Obviously now Captain Powers has changed her mind and has decided to work with us again which I honestly hope is the case. I do believe their hearts are in the right place, but I will continue to challenge the status quo and will continue to strive to end homelessness and hope they will work with me to that end.
My number one priority has always been safety and quality of life. Everyone deserves a clean bed and safe place to live. Everyone deserves an opportunity to get back on his or her feet and get to feel the pride of being able to take care of one's self. Everyone deserves the feeling of comfort in knowing where their next meal is coming from and not to have to worry about going hungry. Those are my priorities.
I also want to acknowledge just a few of the many social services in the 46th ward that are doing good work and providing needed services:
- The Salvation Army Evangeline Booth Lodge, one of the best-run family shelters in the Midwest.
- Northside Housing, which provides both shelter, supportive housing, and day support services to help stabilize people's lives.
- Lift Chicago, which provides mentoring and support to help people find full employment.

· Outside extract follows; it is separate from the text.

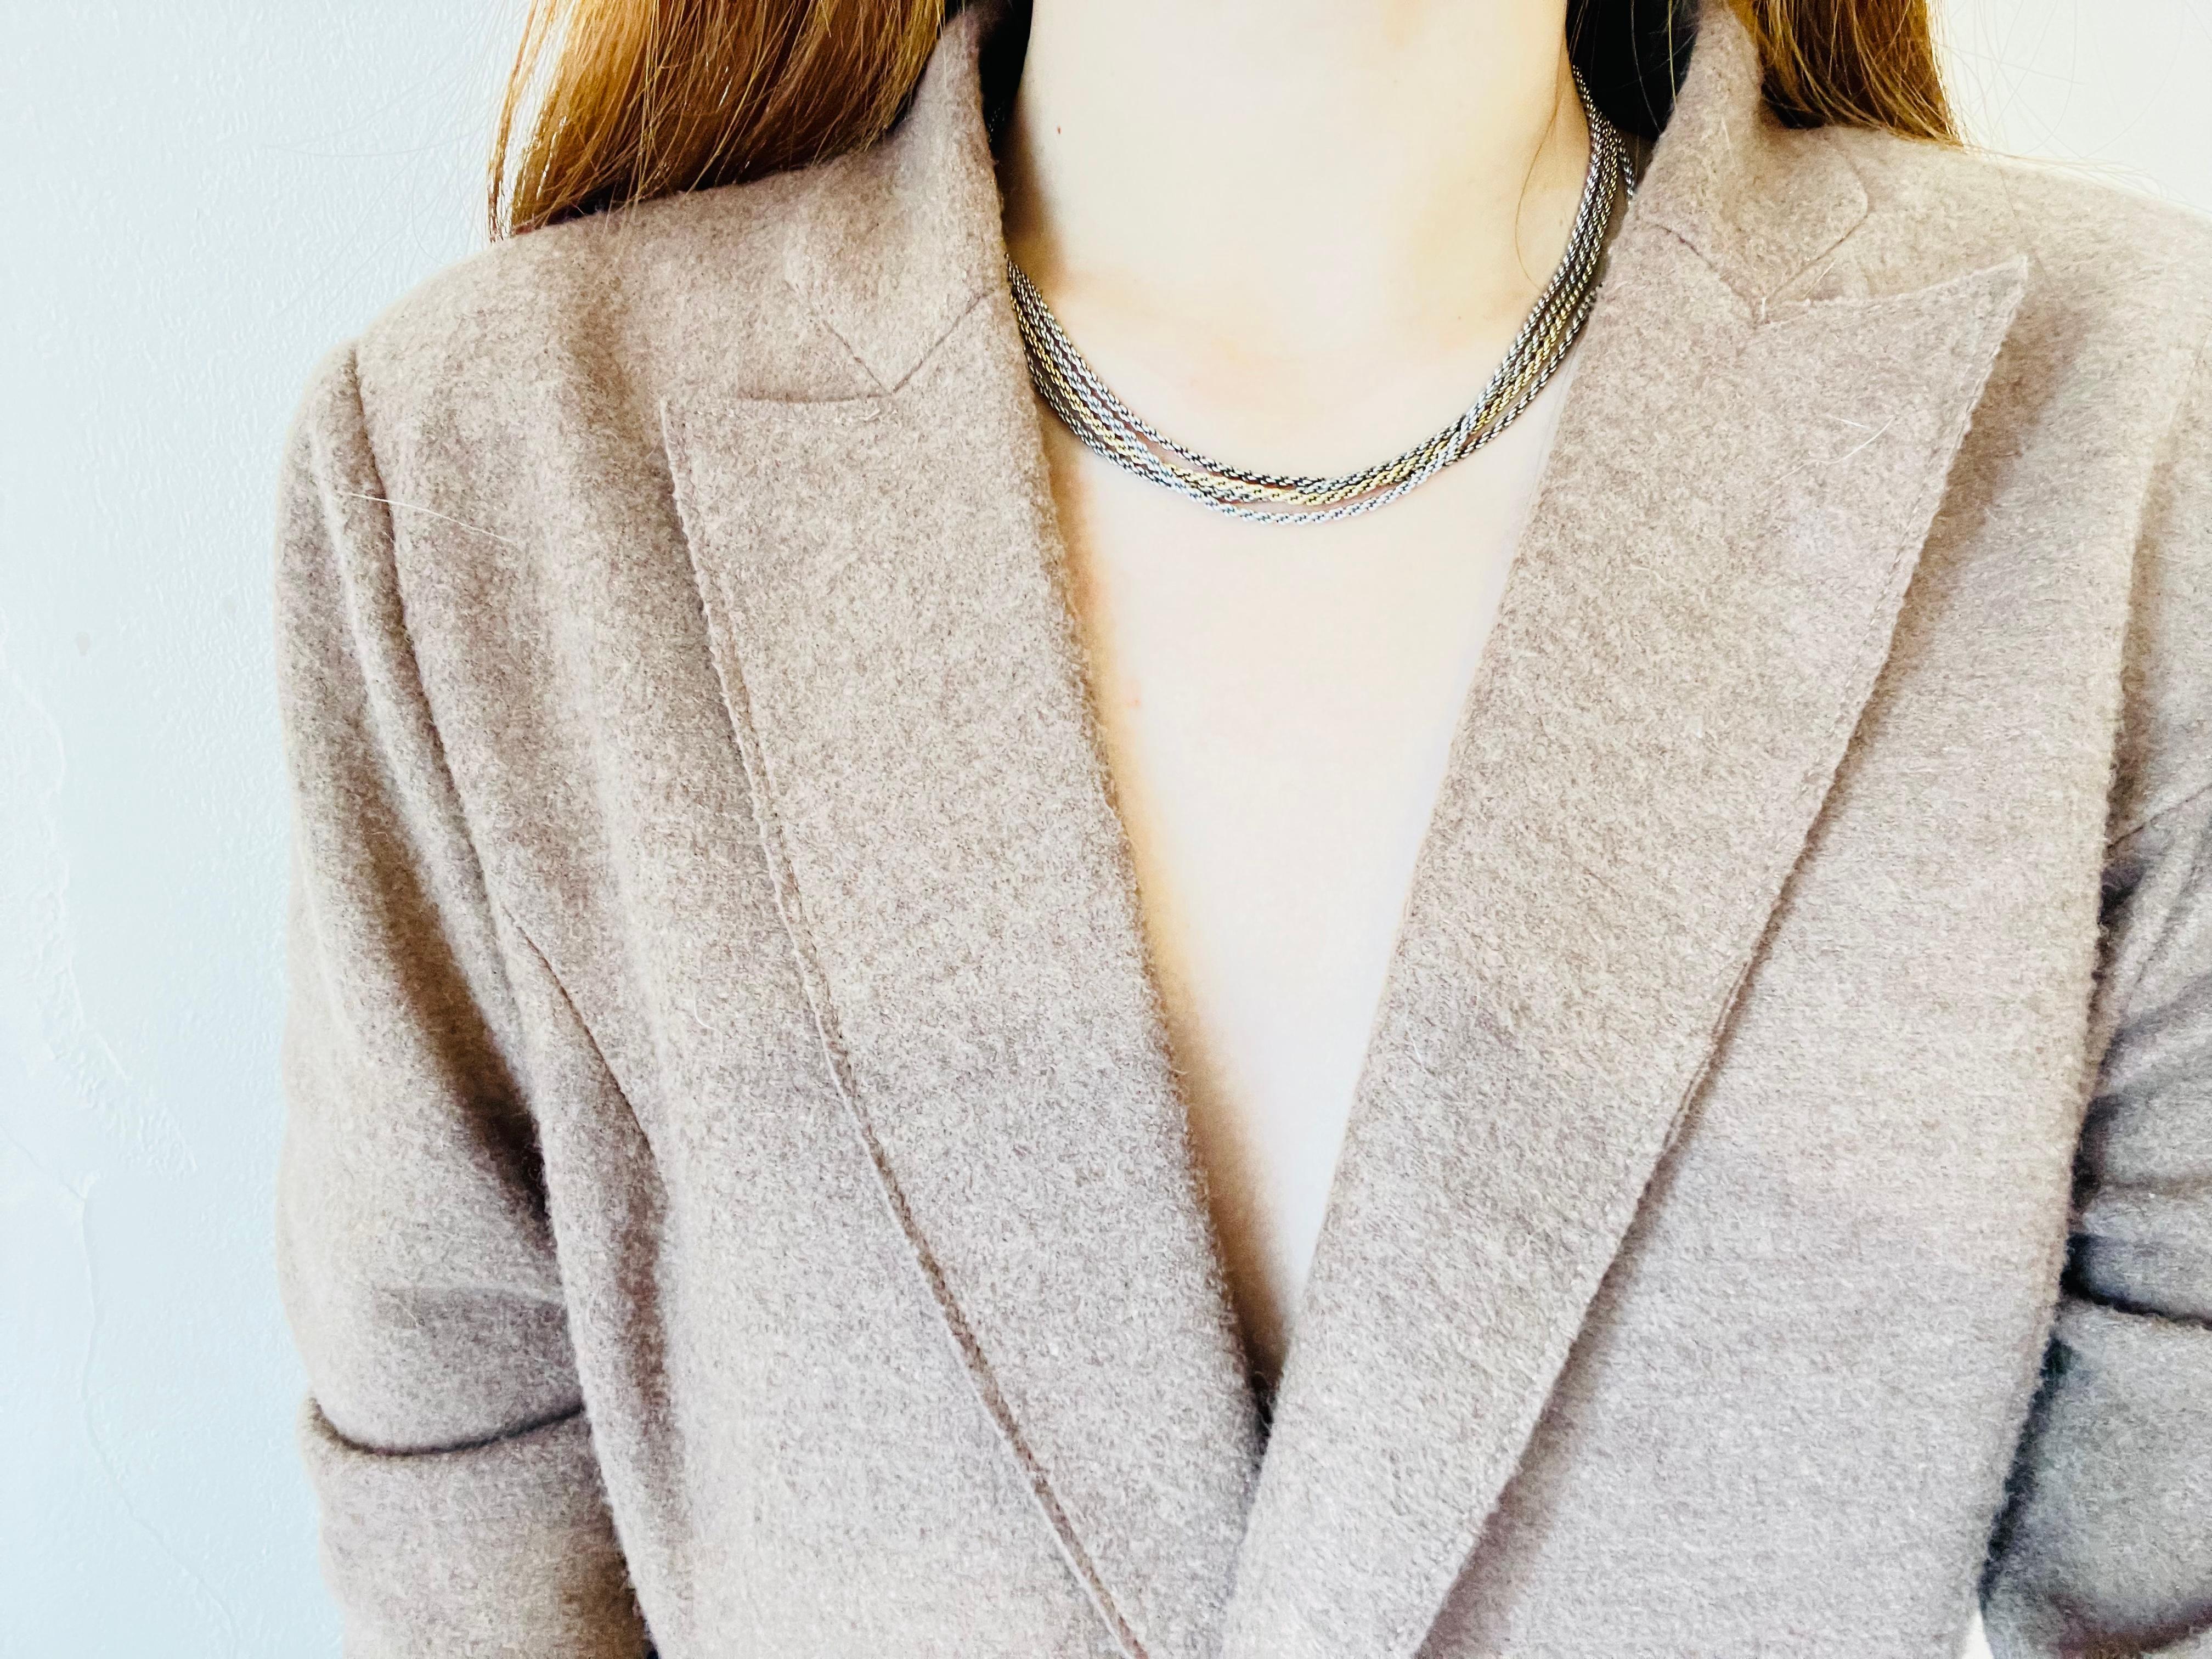 Christian Dior Vintage 1970s Four 4 Strands Layers Chain Necklace, Gold Silver In Good Condition For Sale In Wokingham, England

- Heartland Health Outreach, an organization where I have personally walked clients over to get needed medical and mental health care.
- Inspiration Corporation, for the respectful way they engage their clients to assist them with setting goals for themselves.
When I am asked about my expectations from social services, my response is as follows:
- Their services need to be done in a manner that respects the client.
- Their interventions should be done in a manner that empowers clients to change their lives for the better.
- Their interventions should produce performance outcome measures within a reasonable timeframe.
I look forward to working with Captain Nancy Powers and Salvation Army on where we can together combat chronic homelessness and provide better quality of life for those in need.